This is where query decomposition comes in. This is a technique for retrieval augmented generation (RAG) based AI applications that follows a simple approach:

1. Decompose the original question into smaller questions that can be answered independently to each other. Let’s call these ‘sub questions’ here on out.
2. Reason about the final answer to the original question, based on each sub-answer.

While for many query/dataset combinations, this may not be required, for some, it very well may be. At the end of the day, often one query results in one retrieval step. If within that one single retrieval step we are unable to have the retriever return *both* the money Microsoft made last year *and* Google, then the system will struggle to produce an accurate final response.

This method ensures that we are:

1. retrieving the relevant context for each sub question.
2. reasoning about the final answer given each answer based on the contexts retrieved for each sub question.

In this article, I’ll be going through some key steps that allow you to achieve this. You can find the full working example and code in the linked recipe from our [cookbook](/cookbook). Here, I’ll only show the most relevant parts of the code.

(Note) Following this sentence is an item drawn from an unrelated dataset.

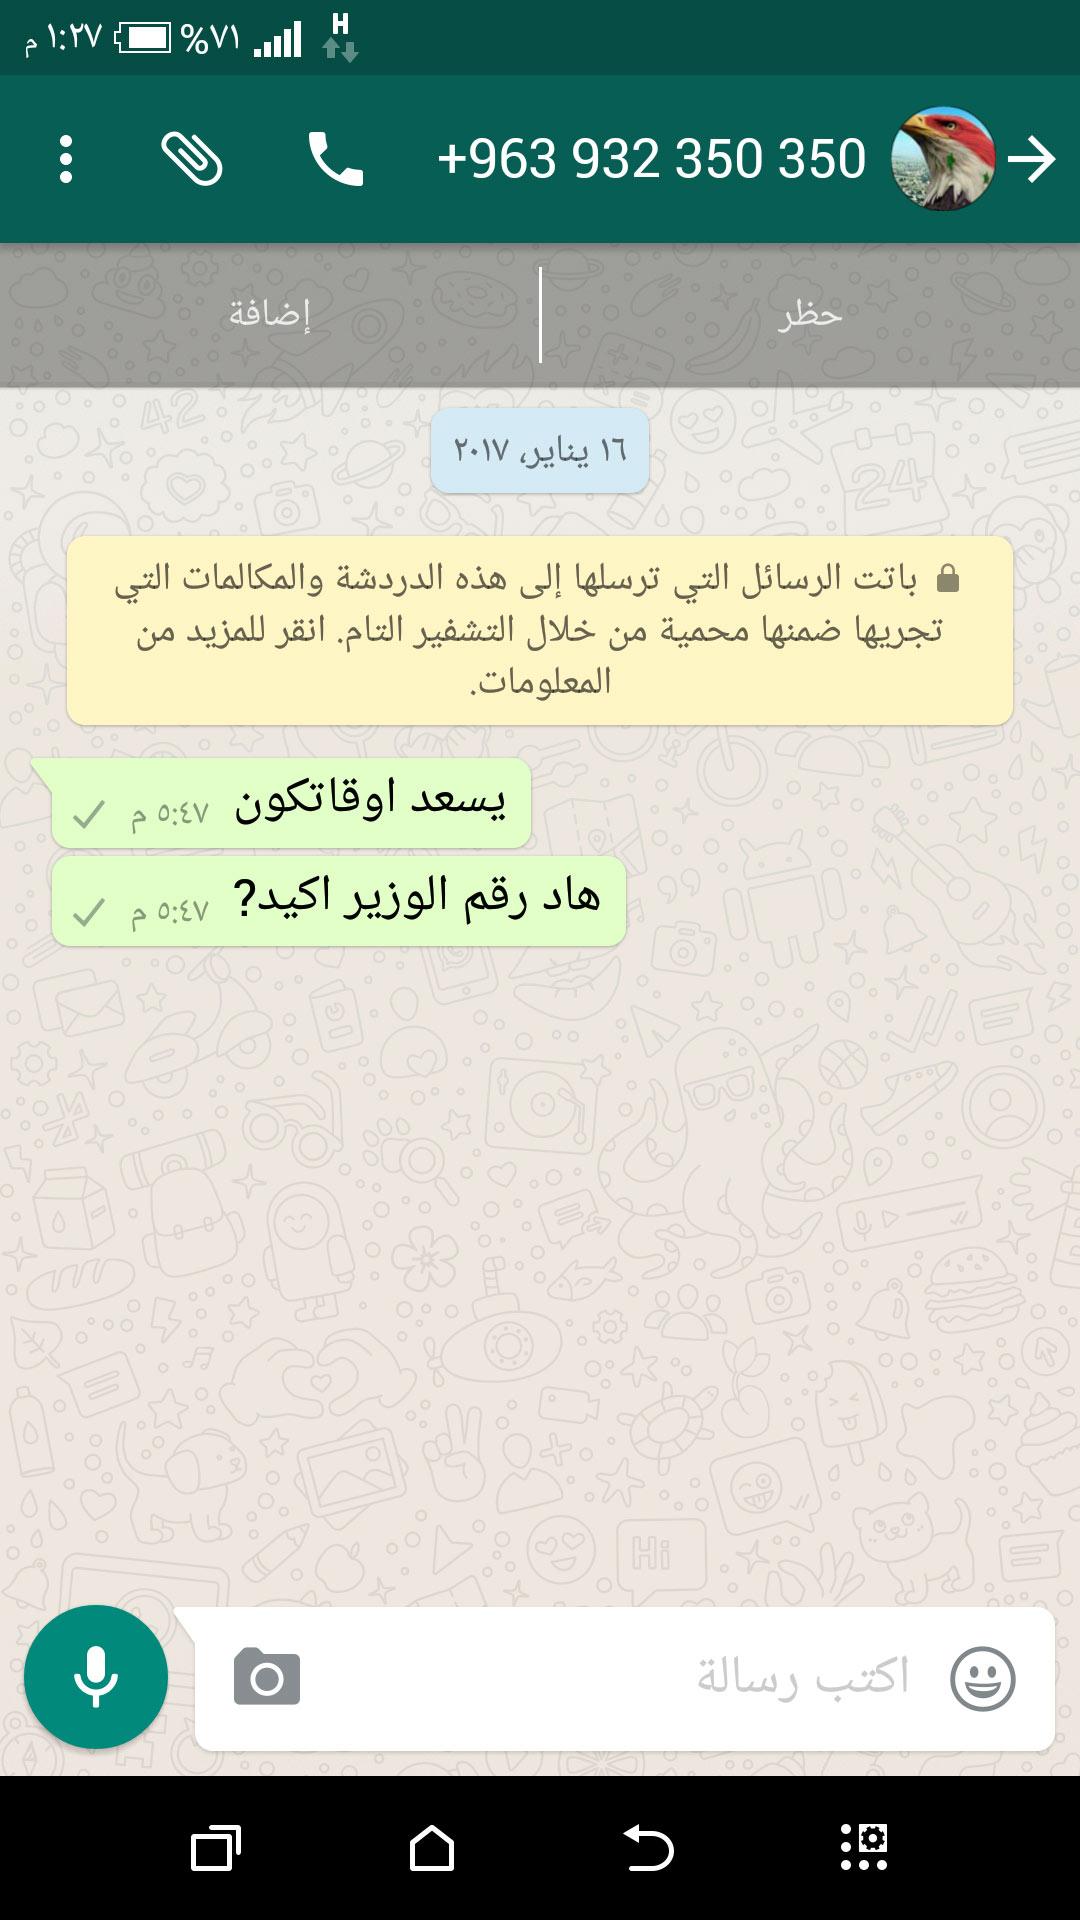 التواصل مع الوزير عبد الله الغربي (عنب بلدي)

> 🚀 I’m sneaking something extra into this article. I saw the opportunity to try out the structured output functionality (currently in beta) by OpenAI to create this example. For this step, I extended the OpenAIGenerator in Haystack to be able to work with Pydantic schemas. More on this in the next step.
Let’s try build a full pipeline that makes use of query decomposition and reasoning. We’ll use a dataset about Game of Thrones (a classic for Haystack) which you can find preprocessed and chunked on `Tuana/game-of-thrones` on Hugging Face Datasets.

## Defining our Questions Structure

Our first step is to create a structure within which we can contain the subquestions, and each of their answers. This will be used by our OpenAIGenerator to produce a structured output.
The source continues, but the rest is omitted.